Whether or not LLMs are the correct algorithm, the hardware question is much more straightforward and that's what this paper is about.

hyperpape•15h ago
The entire discussion in the software section is about simulating the brain.

> Creating superintelligence through imitating the functioning of the human brain requires two more things in addition to appropriate learning rules (and sufficiently powerful hardware): it requires having an adequate initial architecture and providing a rich flux of sensory input.

> The latter prerequisite is easily provided even with present technology. Using video cameras, microphones and tactile sensors, it is possible to ensure a steady flow of real-world information to the artificial neural network.
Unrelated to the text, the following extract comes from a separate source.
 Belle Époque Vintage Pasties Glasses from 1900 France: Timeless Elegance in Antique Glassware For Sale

An interactive element could be arranged by connecting the system to robot limbs and a speaker.

> Developing an adequate initial network structure is a more serious problem. It might turn out to be necessary to do a considerable amount of hand-coding in order to get the cortical architecture right. In biological organisms, the brain does not start out at birth as a homogenous tabula rasa; it has an initial structure that is coded genetically. Neuroscience cannot, at its present stage, say exactly what this structure is or how much of it needs to be preserved in a simulation that is eventually to match the cognitive competencies of a human adult. One way for it to be unexpectedly difficult to achieve human-level AI through the neural network approach would be if it turned out that the human brain relies on a colossal amount of genetic hardwiring, so that each cognitive function depends on a unique and hopelessly complicated inborn architecture, acquired over aeons in the evolutionary learning process of our species.

lukeschlather•13h ago
No, it's about imitation, not simulation. The point is defining how large of a computer you would need to achieve similar performance to the human brain on "intelligence" tasks. The comparison to the human brain is because we know human brains can do these kinds of reasoning and motor tasks, so that helps us set a lower bound on how much computing power is necessary, but it doesn't presume we're going to simulate a human brain, that's just stated because it might be one way we could do it.
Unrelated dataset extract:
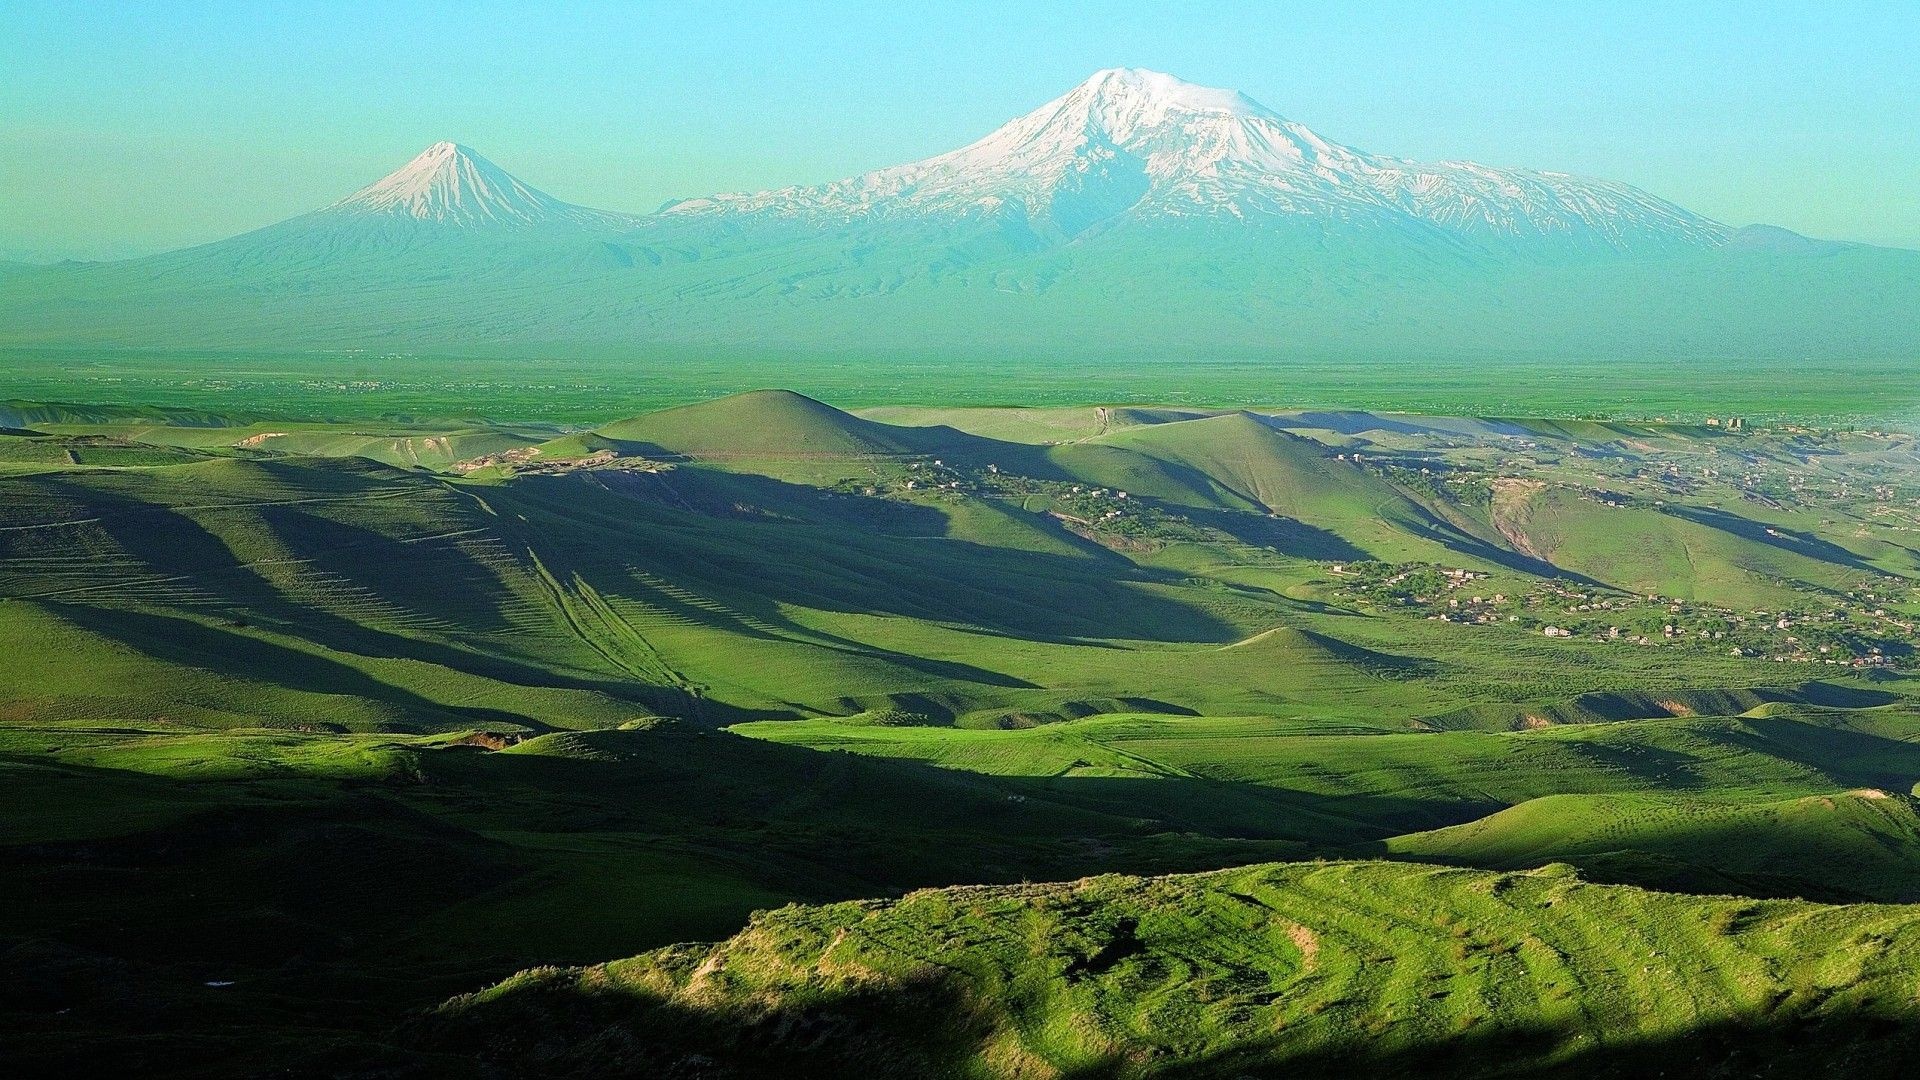 Armenia: A landlocked country in the geopolitical Transcaucasus region. 1920x1080 Full HD Wallpaper.

But still I think you're not engaging with the article properly - it doesn't say we will, it just talks about how much computing power you might need. And I think within the paper it suggests we don't have enough computing power yet, but it doesn't seem like you read deeply enough to engage with that conversation.

hyperpape•3h ago
You're right to distinguish imitation from simulation. That's a good distinction and I think the paper is discussing imitation--using similar learning algorithms to what the brain uses, fed with realistic data from input devices. But my point still stands with imitation.

> This paper outlines the case for believing that we will have superhuman artificial intelligence within the first third of the next century. It looks at different estimates of the processing power of the human brain; how long it will take until computer hardware achieve a similar performance; ways of creating the software through bottom-up approaches like the one used by biological brains; how difficult it will be for neuroscience figure out enough about how brains work to make this approach work; and how fast we can expect superintelligence to be developed once there is human-level artificial intelligence.

The paper very clearly suggests an estimate of the required hardware power for a particular strategy of imitating the brain. And it very clearly predicts we will achieve superintelligence by 2033.

If that strategy is a non-starter, which it is for the foreseeable future, then the hardware estimate is irrelevant, because the strategies we have available to us may require orders of magnitude more computing power (or even may simply fail to work with any amount of computing power).